[Available records]

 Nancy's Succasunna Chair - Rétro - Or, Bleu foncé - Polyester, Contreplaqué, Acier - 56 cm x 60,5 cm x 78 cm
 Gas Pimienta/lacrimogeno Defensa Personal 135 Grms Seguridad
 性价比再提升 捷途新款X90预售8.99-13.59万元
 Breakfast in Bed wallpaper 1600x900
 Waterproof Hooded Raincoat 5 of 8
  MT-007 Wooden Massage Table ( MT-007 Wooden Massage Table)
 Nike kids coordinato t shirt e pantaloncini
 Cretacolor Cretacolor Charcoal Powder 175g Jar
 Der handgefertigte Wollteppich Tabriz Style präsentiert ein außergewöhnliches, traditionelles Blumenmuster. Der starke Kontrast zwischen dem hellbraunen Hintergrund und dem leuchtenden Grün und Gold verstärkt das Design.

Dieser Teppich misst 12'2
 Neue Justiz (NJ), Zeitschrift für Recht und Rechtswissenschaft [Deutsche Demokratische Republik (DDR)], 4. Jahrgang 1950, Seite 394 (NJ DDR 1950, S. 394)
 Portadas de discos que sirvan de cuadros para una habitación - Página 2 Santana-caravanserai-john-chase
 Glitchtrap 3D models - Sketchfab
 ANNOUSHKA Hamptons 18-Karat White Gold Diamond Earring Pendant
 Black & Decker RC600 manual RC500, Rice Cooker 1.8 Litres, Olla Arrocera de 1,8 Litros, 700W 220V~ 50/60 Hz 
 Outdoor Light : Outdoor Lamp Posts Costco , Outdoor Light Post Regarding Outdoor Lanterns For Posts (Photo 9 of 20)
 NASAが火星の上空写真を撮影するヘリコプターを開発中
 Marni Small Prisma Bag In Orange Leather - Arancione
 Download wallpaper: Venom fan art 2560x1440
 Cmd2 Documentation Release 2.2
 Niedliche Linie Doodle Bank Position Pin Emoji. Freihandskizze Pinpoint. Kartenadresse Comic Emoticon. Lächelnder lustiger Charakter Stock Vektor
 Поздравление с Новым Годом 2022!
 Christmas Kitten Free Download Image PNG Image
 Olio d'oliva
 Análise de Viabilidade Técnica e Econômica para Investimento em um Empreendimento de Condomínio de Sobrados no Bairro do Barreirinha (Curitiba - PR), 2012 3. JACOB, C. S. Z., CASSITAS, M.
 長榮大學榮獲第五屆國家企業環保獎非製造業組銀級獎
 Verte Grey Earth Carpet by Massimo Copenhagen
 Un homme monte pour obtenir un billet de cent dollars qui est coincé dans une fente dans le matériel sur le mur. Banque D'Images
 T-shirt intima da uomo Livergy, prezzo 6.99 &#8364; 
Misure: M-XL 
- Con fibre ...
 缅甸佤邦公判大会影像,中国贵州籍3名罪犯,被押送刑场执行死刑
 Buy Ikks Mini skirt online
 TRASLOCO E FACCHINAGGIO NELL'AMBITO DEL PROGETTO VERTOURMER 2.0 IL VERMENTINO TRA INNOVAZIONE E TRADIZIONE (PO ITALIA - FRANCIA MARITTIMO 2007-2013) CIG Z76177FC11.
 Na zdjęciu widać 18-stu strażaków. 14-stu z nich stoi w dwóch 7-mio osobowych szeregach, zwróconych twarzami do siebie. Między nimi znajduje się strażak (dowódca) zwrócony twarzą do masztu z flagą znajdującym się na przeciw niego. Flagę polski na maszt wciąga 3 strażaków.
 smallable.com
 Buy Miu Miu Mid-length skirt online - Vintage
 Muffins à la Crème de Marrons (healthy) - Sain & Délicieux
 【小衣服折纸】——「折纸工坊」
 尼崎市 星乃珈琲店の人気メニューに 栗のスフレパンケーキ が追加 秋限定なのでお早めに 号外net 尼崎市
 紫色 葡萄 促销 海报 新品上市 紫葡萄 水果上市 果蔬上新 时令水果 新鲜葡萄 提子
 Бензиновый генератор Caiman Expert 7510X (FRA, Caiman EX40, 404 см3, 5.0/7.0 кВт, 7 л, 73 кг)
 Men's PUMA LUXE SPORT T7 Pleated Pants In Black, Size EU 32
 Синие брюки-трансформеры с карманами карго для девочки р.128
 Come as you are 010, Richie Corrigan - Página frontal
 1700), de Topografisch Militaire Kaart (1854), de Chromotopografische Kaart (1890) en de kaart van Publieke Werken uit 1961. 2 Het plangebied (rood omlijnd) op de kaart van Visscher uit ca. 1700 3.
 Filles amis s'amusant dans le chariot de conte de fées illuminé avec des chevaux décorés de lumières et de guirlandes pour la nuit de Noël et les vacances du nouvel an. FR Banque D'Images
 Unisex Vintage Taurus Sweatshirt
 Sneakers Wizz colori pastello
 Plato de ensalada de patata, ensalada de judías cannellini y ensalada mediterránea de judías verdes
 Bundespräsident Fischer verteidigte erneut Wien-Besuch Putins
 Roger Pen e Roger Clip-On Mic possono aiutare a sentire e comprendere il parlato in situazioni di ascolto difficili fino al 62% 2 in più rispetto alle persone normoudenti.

[/Available records]

**Task statement**
Look through the material above and pick out each line holding the word "Black".

**Output**
 Black & Decker RC600 manual RC500, Rice Cooker 1.8 Litres, Olla Arrocera de 1,8 Litros, 700W 220V~ 50/60 Hz 
 Men's PUMA LUXE SPORT T7 Pleated Pants In Black, Size EU 32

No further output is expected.